### [Task to carry out]
Every line from the line containing "USG Niños Eco" through the end of the data is to be reproduced exactly, excluding pictures.

### [Raw data]

────────────────

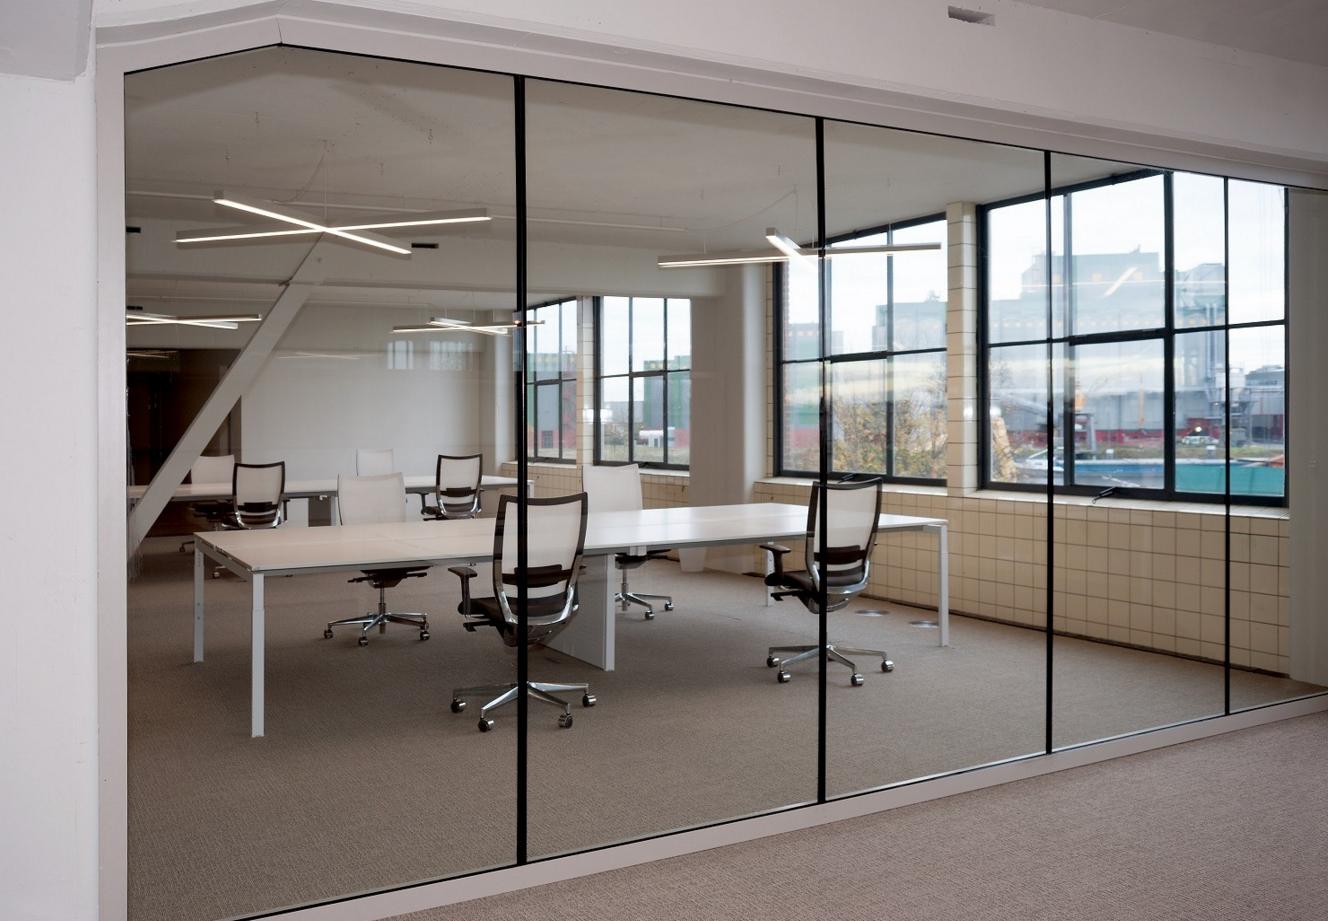 Industri le kantoorinrichting havic kantoormeubelen - Moderne kantoorbureaus ...
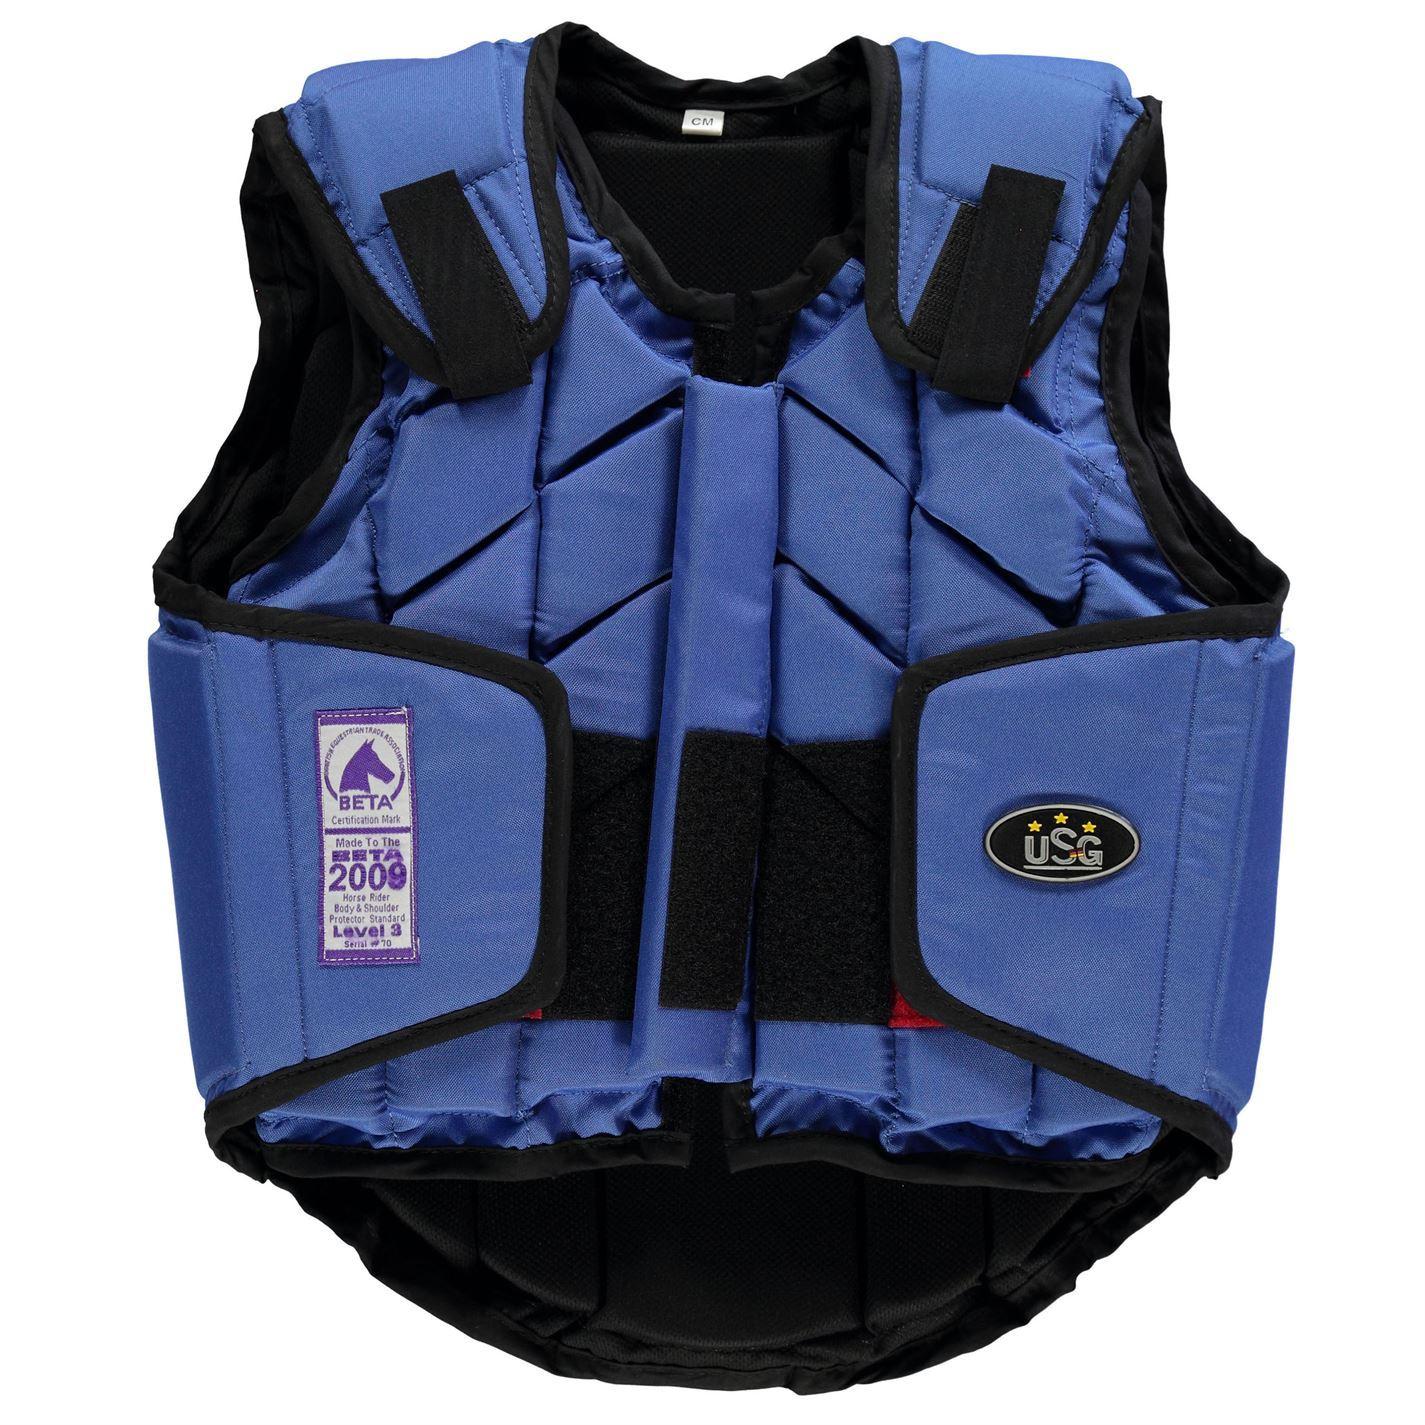 USG Niños Eco Flexi Cuerpo Protector Juniors Cremallera Rider Protección Cremallera Juniors caballos ae2c5e
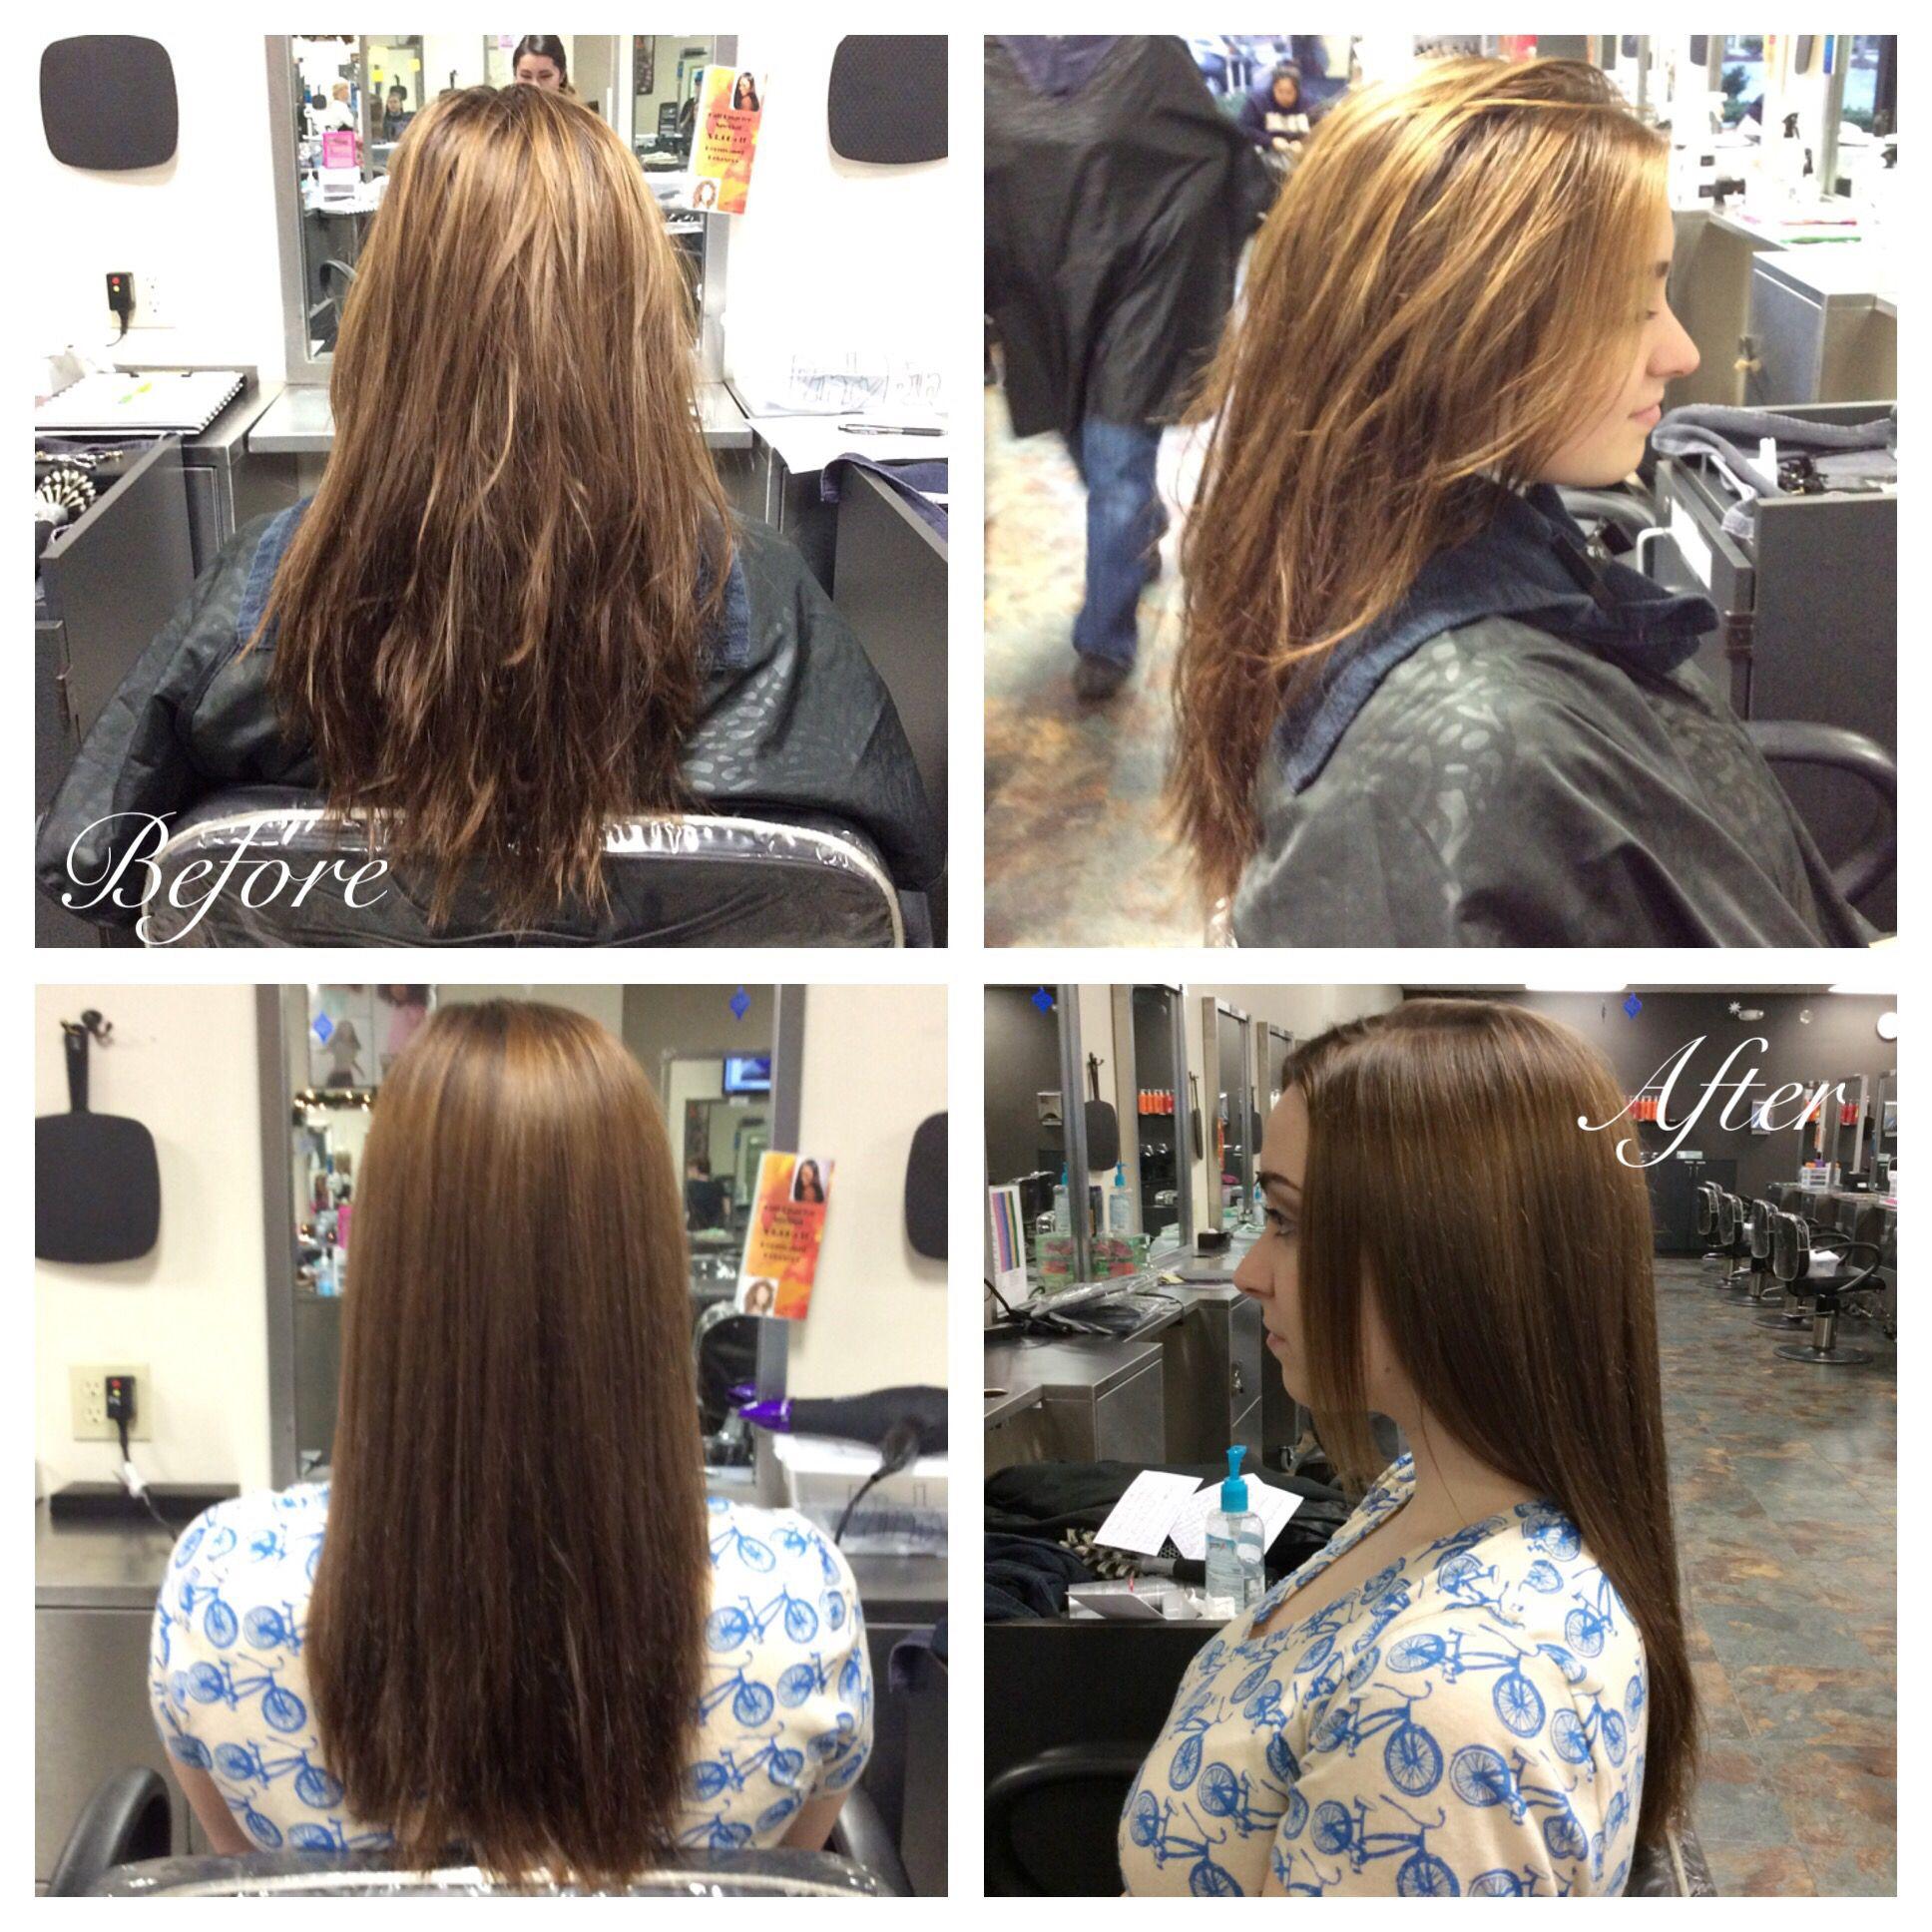 180 degree long layered haircut using shears and texturizing shears 180 degree long layered haircut using shears and texturizing shears products used pearl styler winobraniefo Gallery

────────────────

### [Your response]
 USG Niños Eco Flexi Cuerpo Protector Juniors Cremallera Rider Protección Cremallera Juniors caballos ae2c5e
 180 degree long layered haircut using shears and texturizing shears 180 degree long layered haircut using shears and texturizing shears products used pearl styler winobraniefo Gallery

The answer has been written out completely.